Castration and hormone replacement. Castration (orchiectomy) and hormone replacement was performed by the Swine Hormone Core within the Center for Gender Physiology and Environmental Adaptation, University of Missouri. One week after arrival, sexually mature animals (6 to 7 mo of age) were castrated with aseptic techniques under sedation with xylazine (15 mg/kg im) and ketamine (2.5 mg/kg im) and maintained under anesthesia with 1.5–2.0% isoflurane. Males were castrated (CM) via an incision made through the scrotum over each testicle (intact males; IM) and subsequently randomized to receive testosterone replacement (CMT; Androgel, Solvay Pharmaceuticals, 10 mg/day) or vehicle. Testosterone replacement occurred at the time of castration to avoid disruption of hormonal influence. Females remained gonad intact. Animals were euthanized for study 5–6 wk after surgery.

Hormone assays. Blood samples (5 ml) were collected at the time of surgery before castration and at the time of death. Samples were collected into plain tubes and centrifuged at 1,000 rpm for 5 min, and the serum was decanted and frozen at –80°C until analysis. Testosterone was determined with a commercially available RIA kit (Diagnostic Products; Los Angeles, CA). Essentially, a solid-phase ¹²⁵I-labeled RIA was utilized with a sensitivity of 4 ng/dl and an interassay and intraassay coefficient of variation of 8% and 6%, respectively. Cross-reactivity studies to the antibody established that the RIA was specific for testosterone with only 19-nortestosterone having 20% and 11-ketotestosterone with 16% cross-reactivity. Parallelism studies were also carried out with pooled boar serum, both at the high and low ends of the standard curve, resulting in good linearity.

Preparation of coronary arteries. At the time of death, animals were anesthetized with ketamine (30 mg/kg im) and pentobarbital sodium (35 mg/kg iv) and administered heparin. The hearts were removed and placed in Krebs bicarbonate solution (4°C) during vessel isolation. Conduit (>1.0 mm inner diameter) segments of the right coronary artery (RCA) were trimmed of fat and connective tissue in sterile modified Eagle's minimal essential storage media containing 20 mM HEPES on ice.

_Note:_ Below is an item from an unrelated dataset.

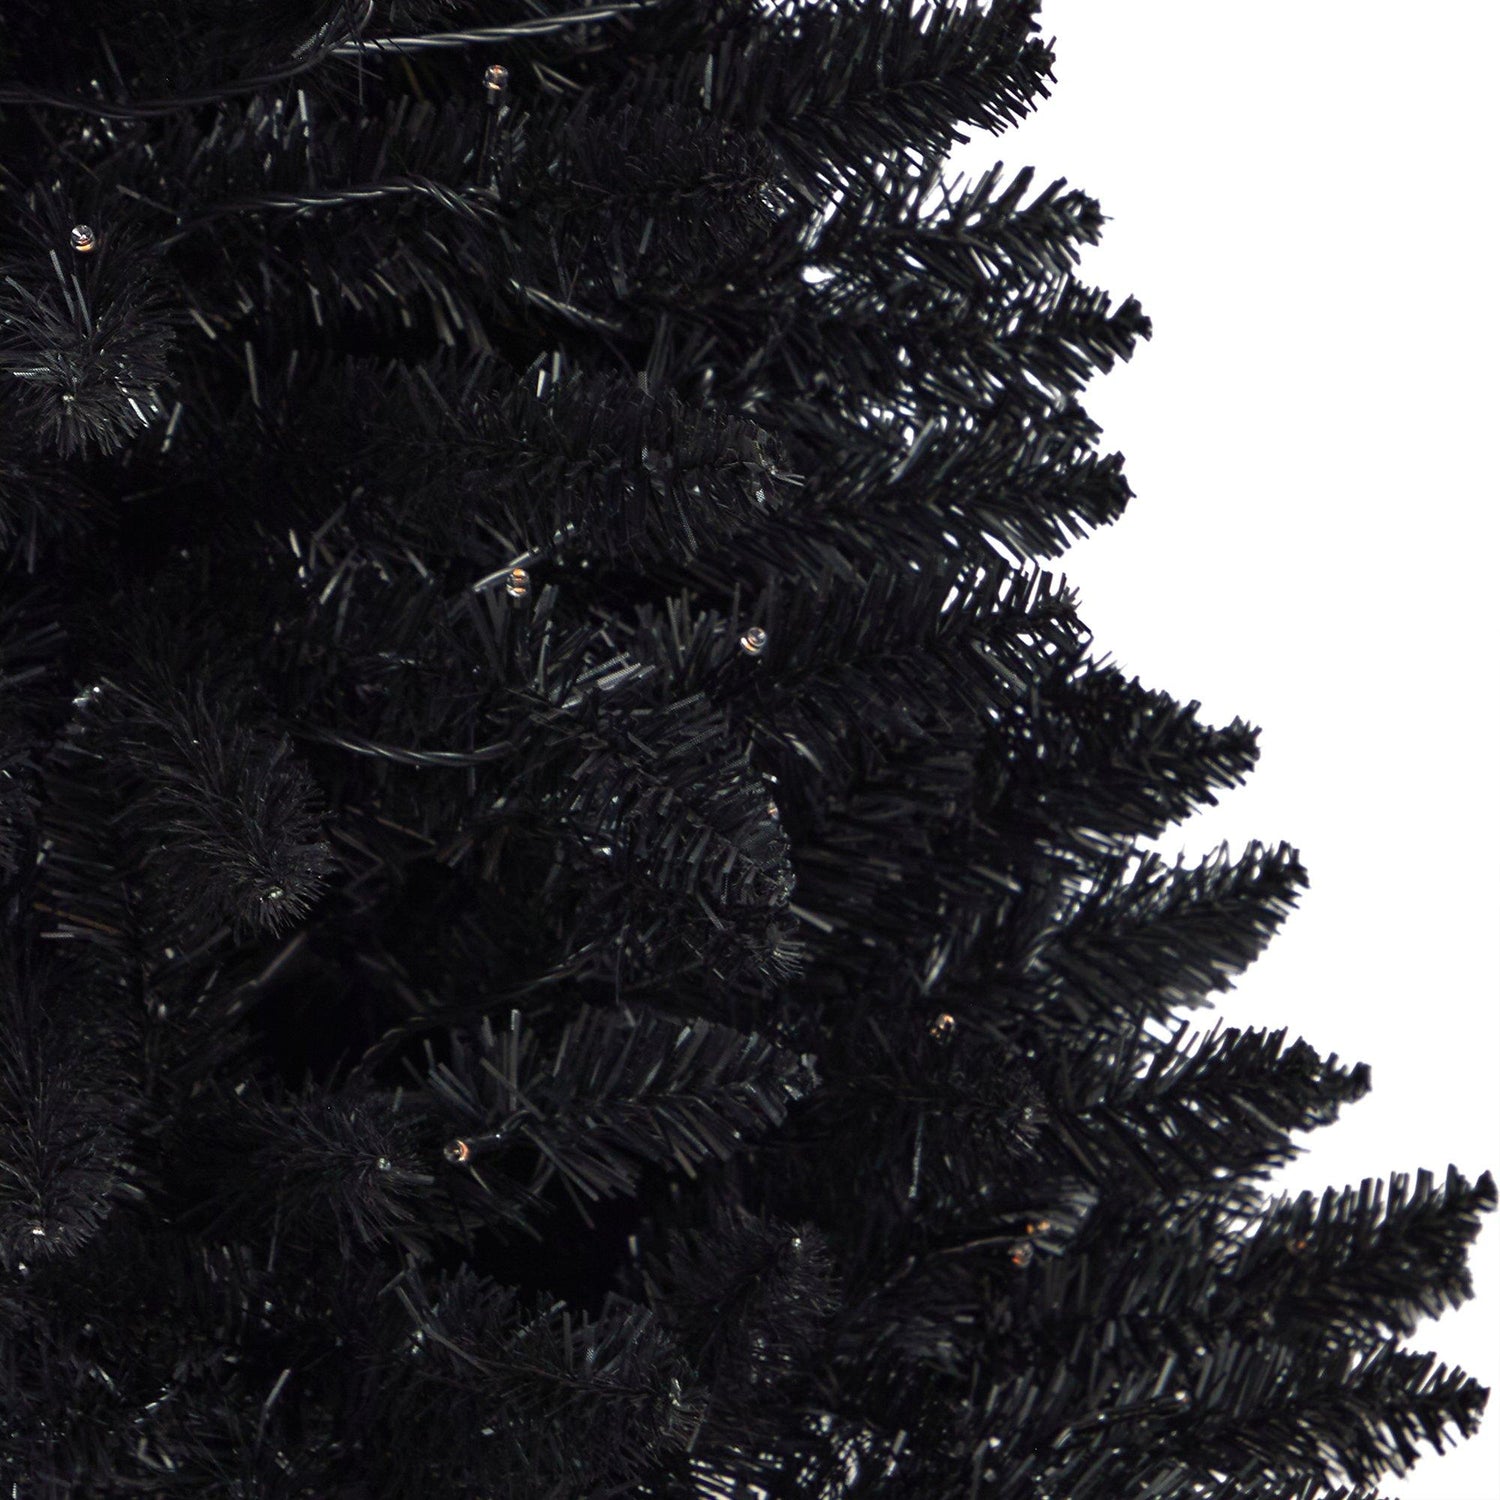 4’ Black Halloween Artificial Christmas Tree in Urn with 100 Orange LED Lights

CASM cell isolation. Freshly dispersed CASM cells were obtained as described previously (3, 5, 6, 18). RCA were opened longitudinally and pinned, lumen side up, onto a silicone rubber substratum in 2 ml of low-Ca²⁺ solution. Cells were dispersed by incubation in enzyme solution consisting of low-Ca²⁺ (0.1 mM) physiological solution plus 294 U/ml collagenase (CLS II, Worthington), 6.5 U/ml elastase (Worthington), 2 mg/ml bovine serum albumin (fraction V, Sigma), 1 mg/ml soybean trypsin inhibitor (type I-S, Sigma), and 0.4 mg/ml DNase I (type IV, Sigma) for 60 min in a water bath at 37°C. The enzyme solution was then replaced with enzyme-free low-Ca²⁺ solution, and isolated single cells were obtained by repeatedly directing a stream of low-Ca²⁺ solution over the artery via a fire-polished Pasteur pipette. Cell suspensions were stored in low-Ca²⁺ (0.1 mM) buffer at 4°C until use (0–6 h).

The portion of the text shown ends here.